*GIVEN MATERIAL*.
┄┄┄┄┄┄┄┄┄┄

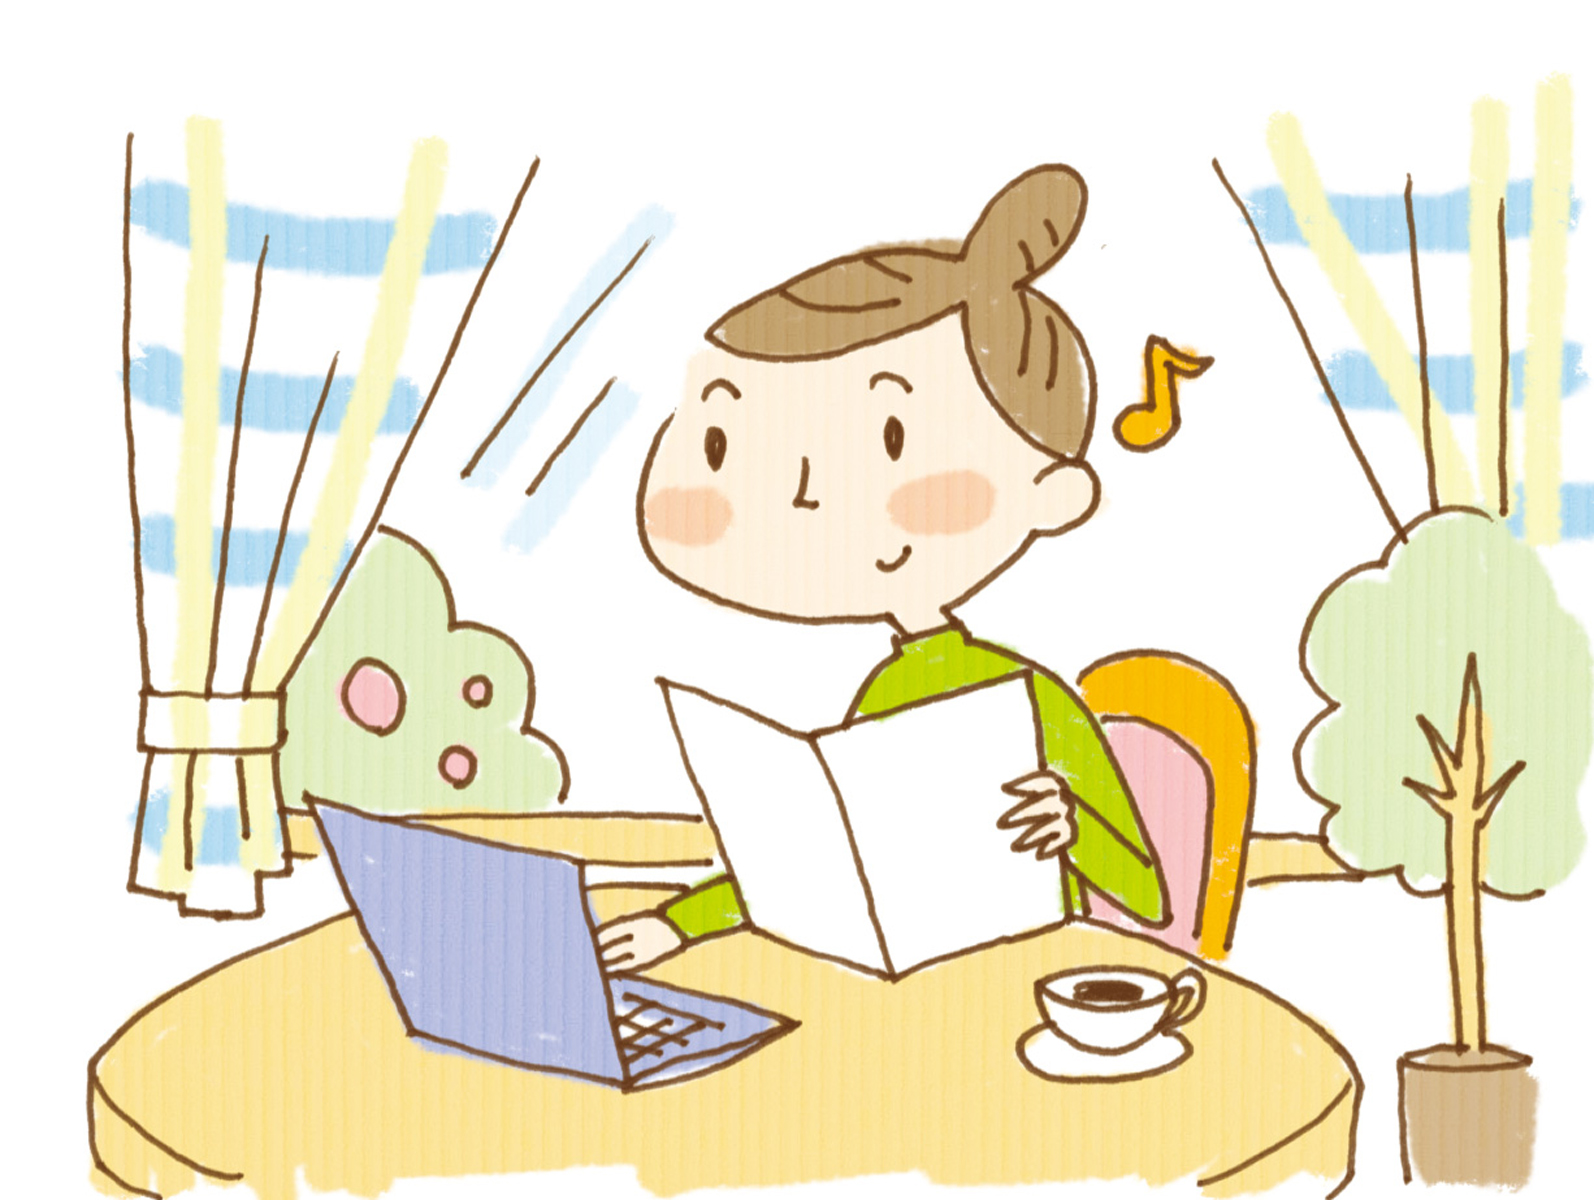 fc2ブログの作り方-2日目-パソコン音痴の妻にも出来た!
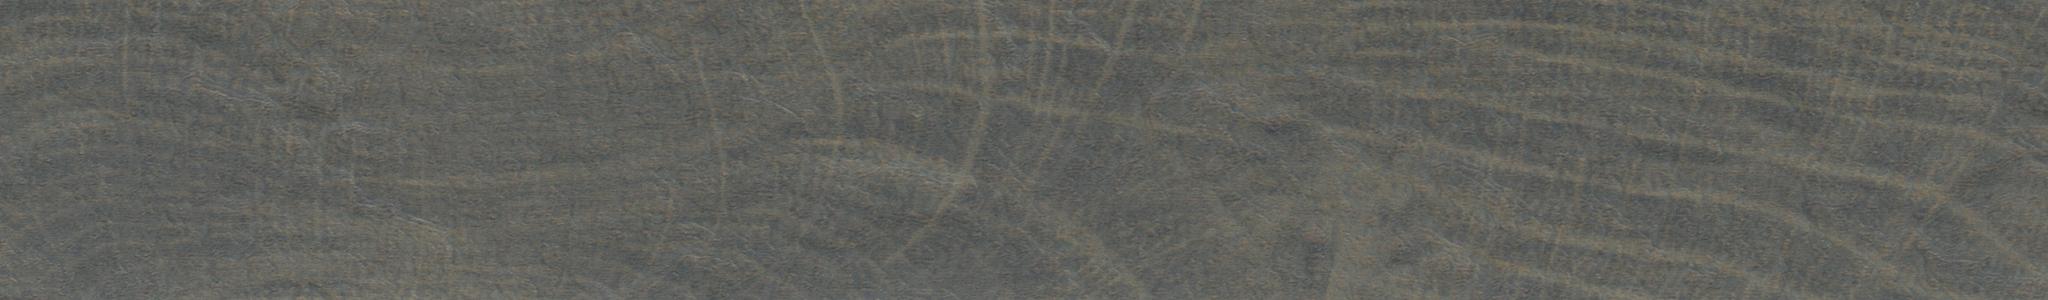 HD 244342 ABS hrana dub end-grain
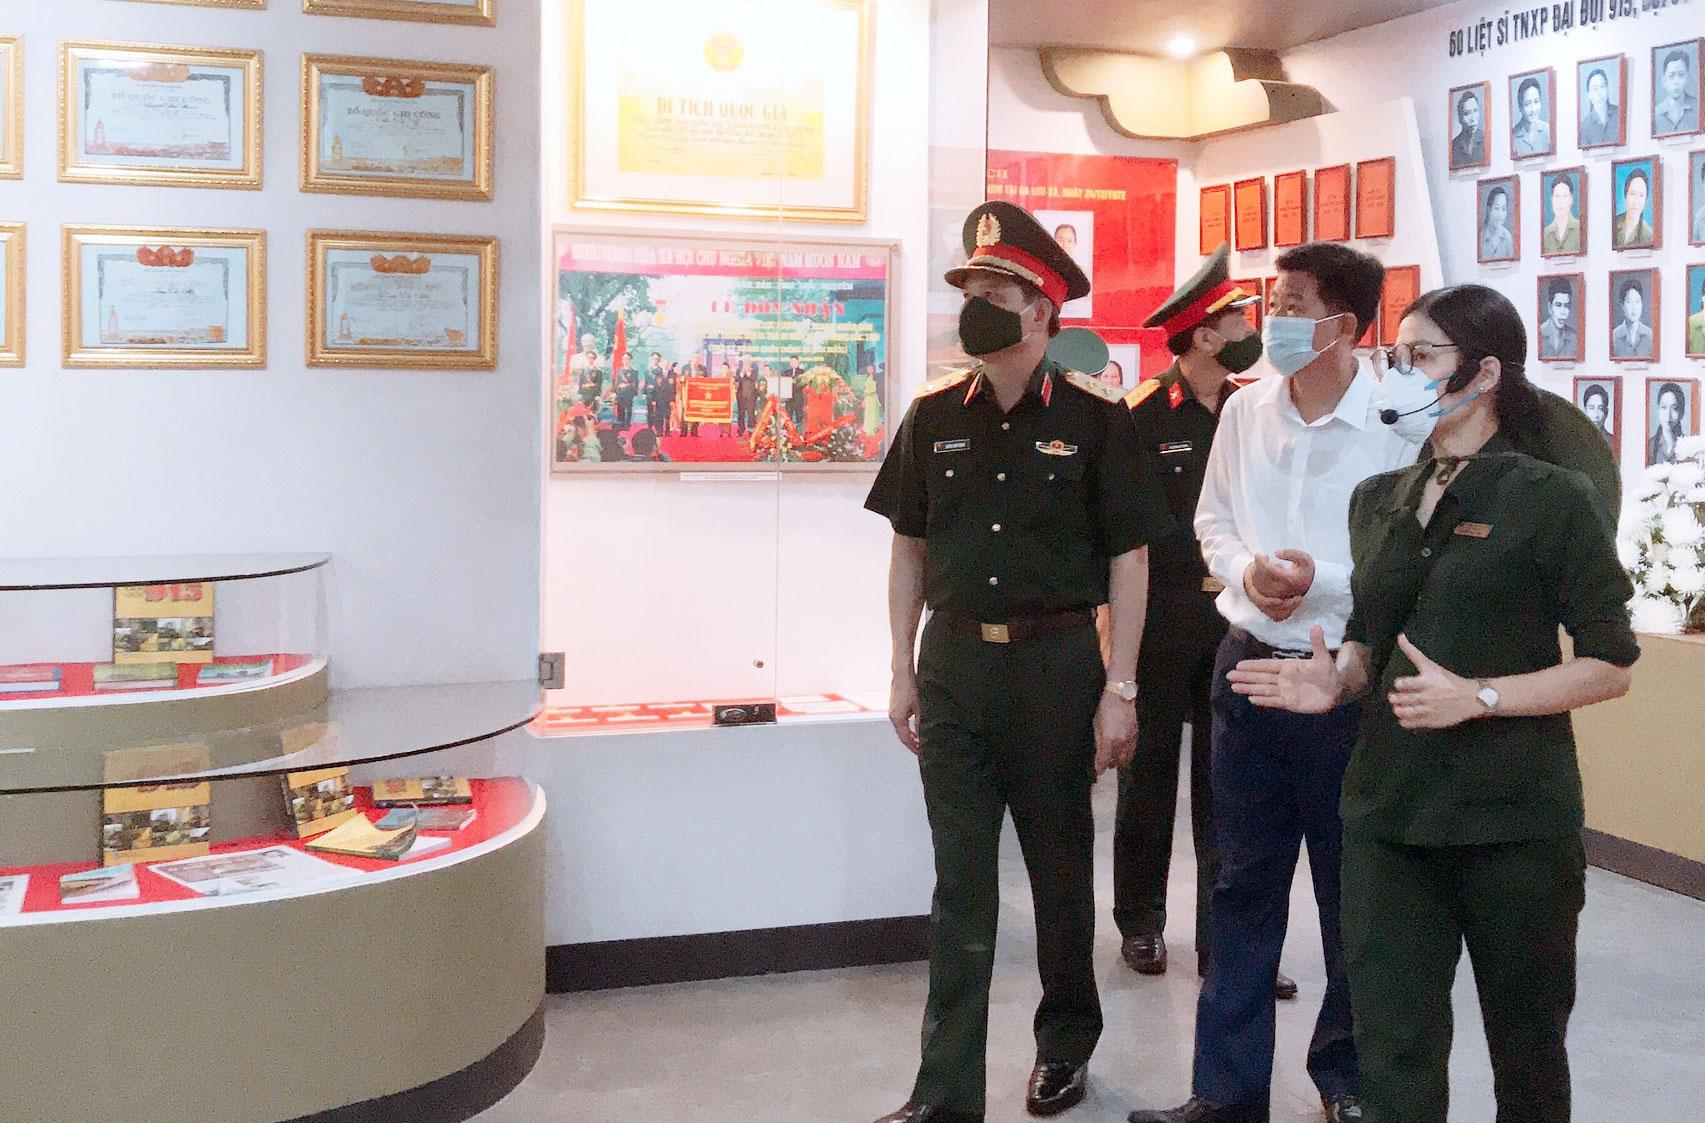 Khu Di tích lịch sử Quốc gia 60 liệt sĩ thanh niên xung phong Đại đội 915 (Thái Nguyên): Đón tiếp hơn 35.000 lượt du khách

┄┄┄┄┄┄┄┄┄┄

*EXERCISE DETAILS*.
Retype each line above exactly and leave out any picture.

*REPLY TO THE EXERCISE*.
 fc2ブログの作り方-2日目-パソコン音痴の妻にも出来た!
 HD 244342 ABS hrana dub end-grain
 Khu Di tích lịch sử Quốc gia 60 liệt sĩ thanh niên xung phong Đại đội 915 (Thái Nguyên): Đón tiếp hơn 35.000 lượt du khách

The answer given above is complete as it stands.